--- Data supplied Enclosed Below ---

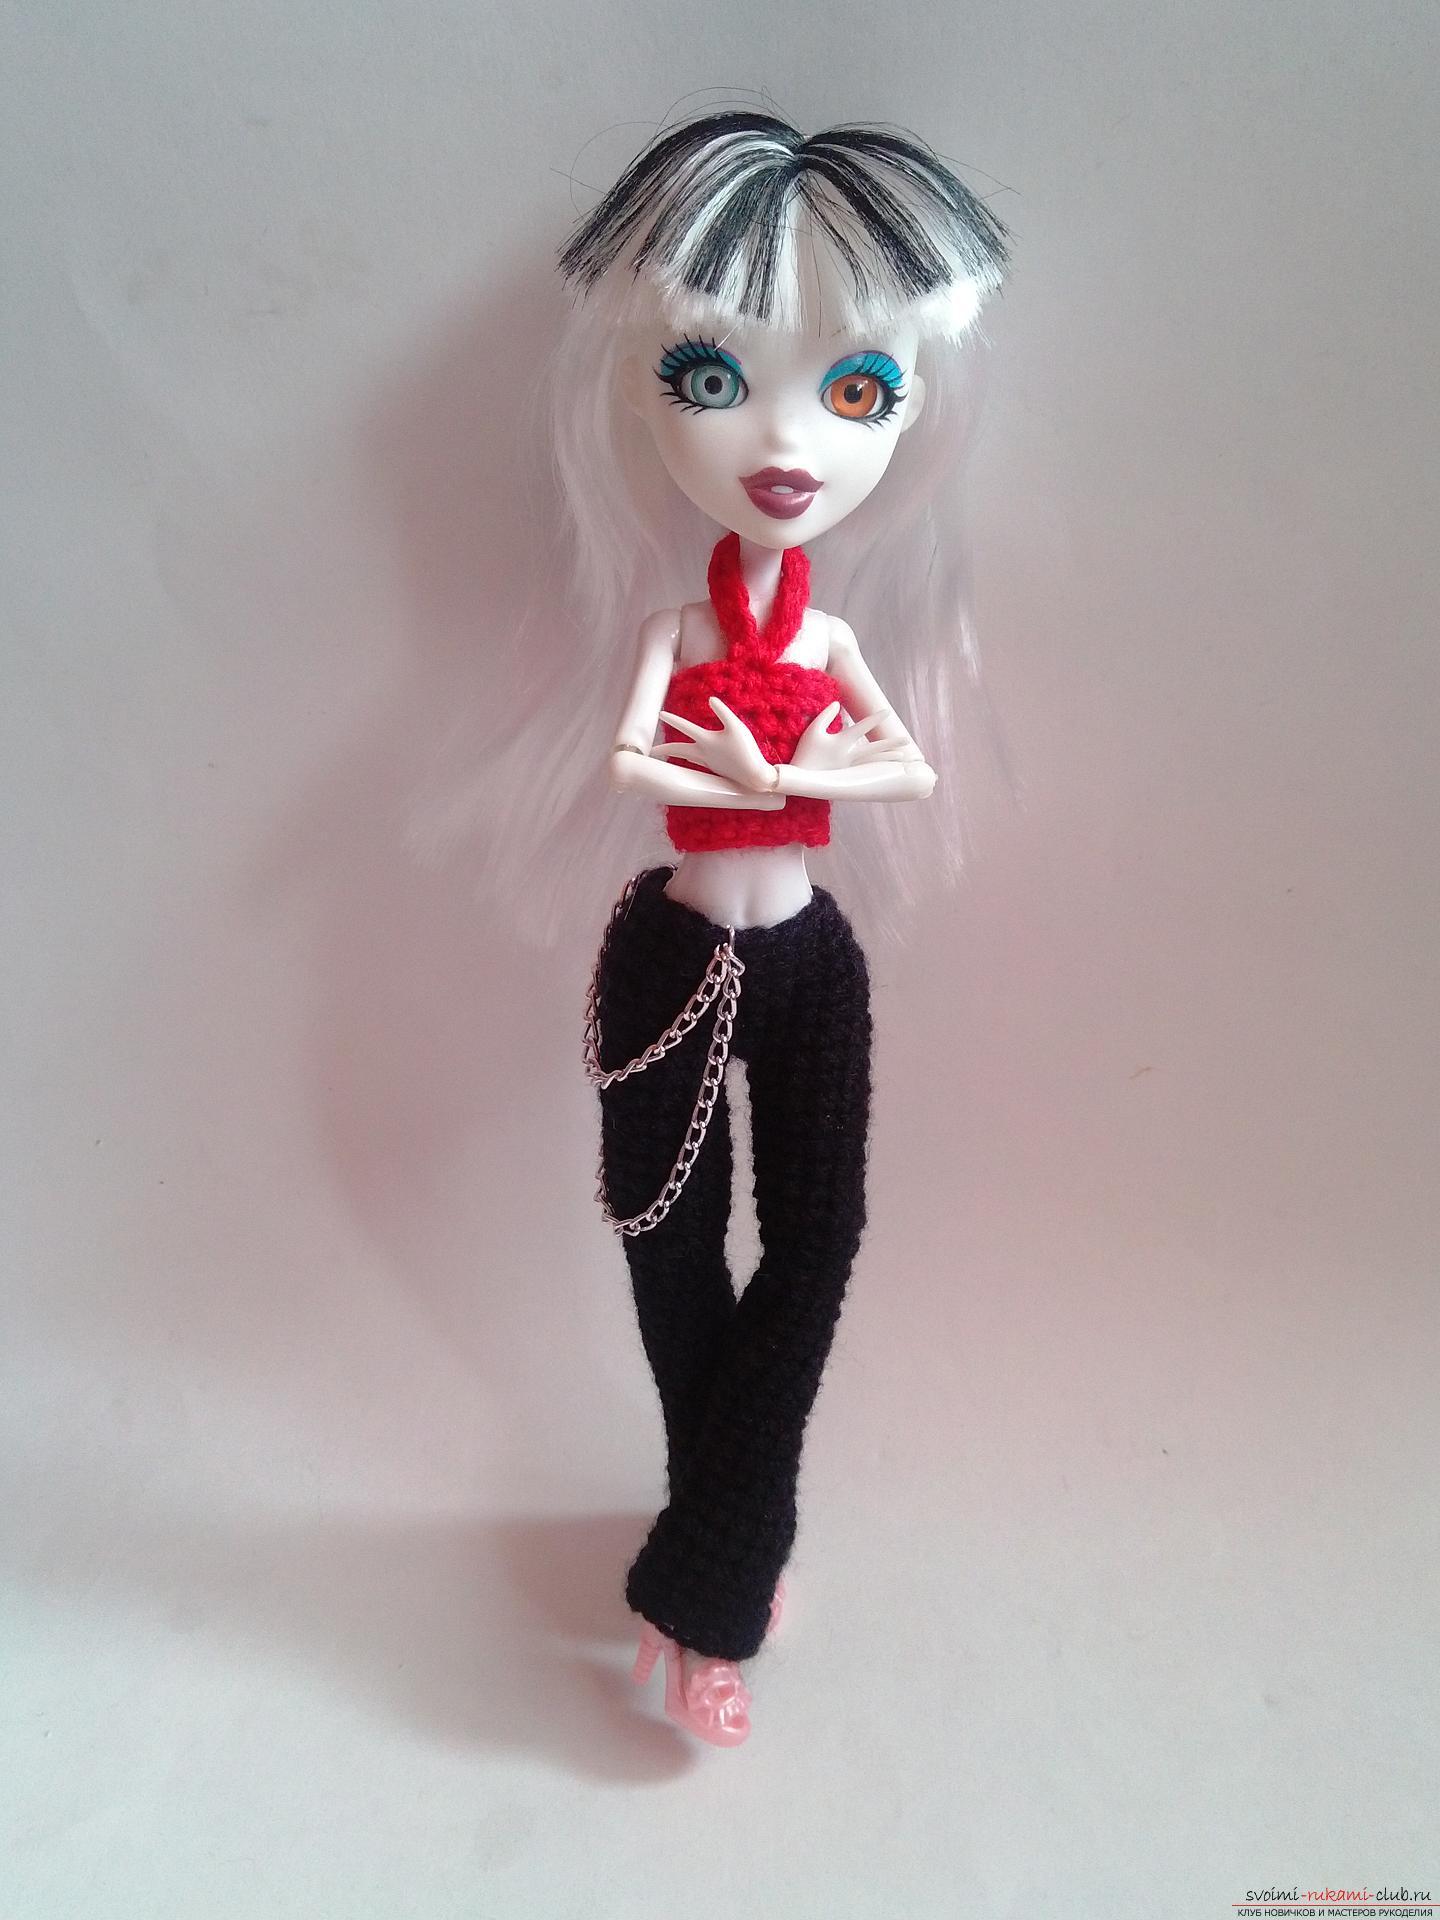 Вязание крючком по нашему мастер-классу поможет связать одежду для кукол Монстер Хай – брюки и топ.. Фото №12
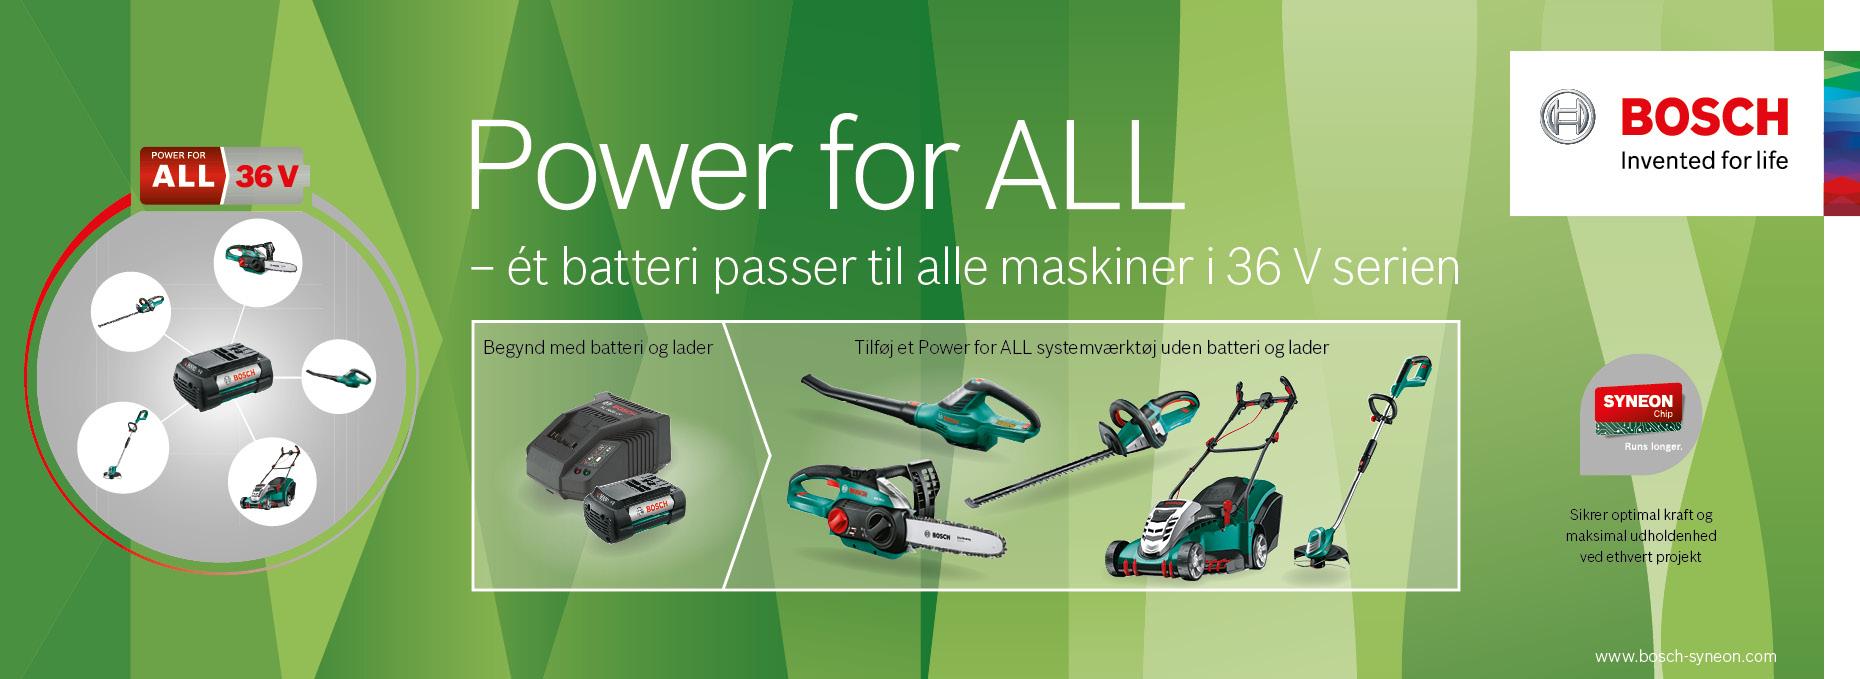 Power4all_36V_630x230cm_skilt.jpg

--- End of Enclosed Data supplied ---
--- Data supplied Enclosed Below ---

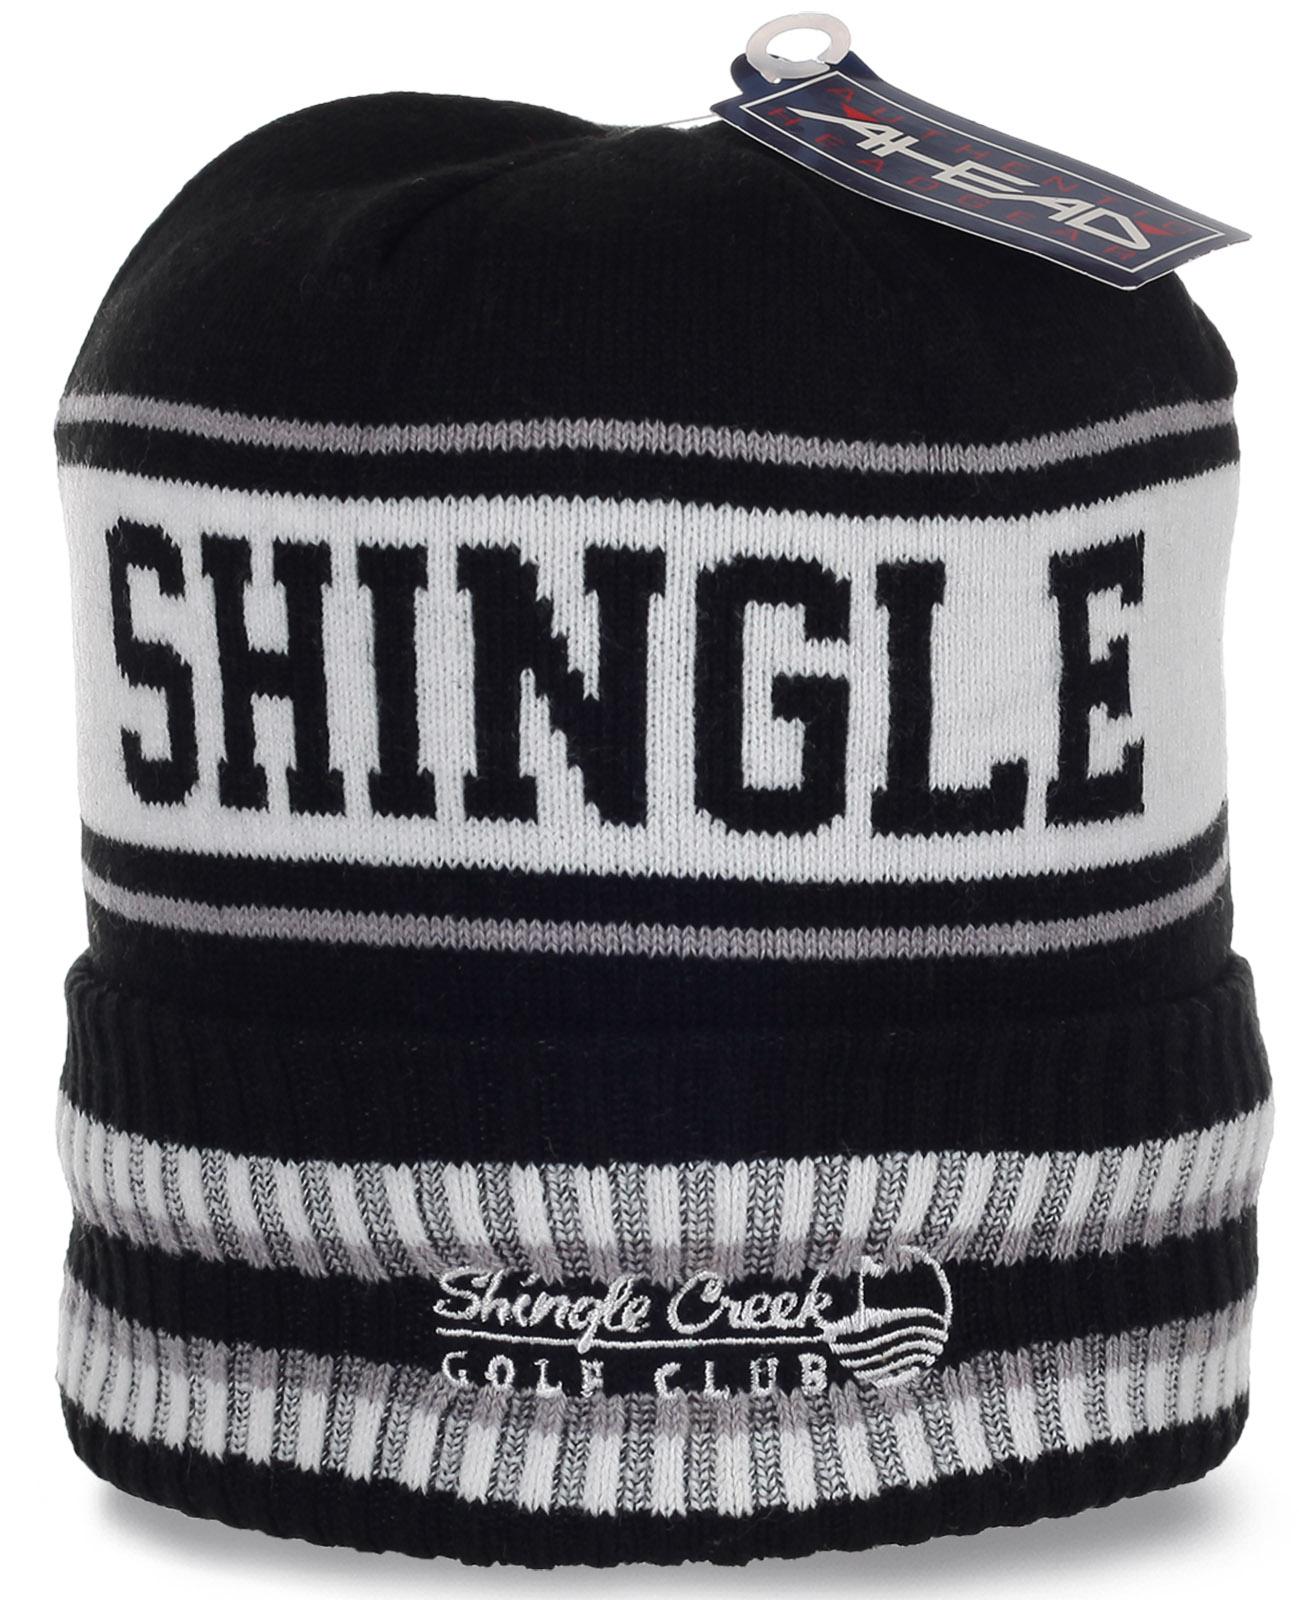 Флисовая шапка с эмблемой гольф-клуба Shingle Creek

--- End of Enclosed Data supplied ---

*Aim of the exercise*. Set down word for word the lines above from the one with "Вязание крючком по" up to and including the one with "Power4all_36V_630x230cm_skilt.jpg". Omit every picture.

*Exercise answer*.
 Вязание крючком по нашему мастер-классу поможет связать одежду для кукол Монстер Хай – брюки и топ.. Фото №12
 Power4all_36V_630x230cm_skilt.jpg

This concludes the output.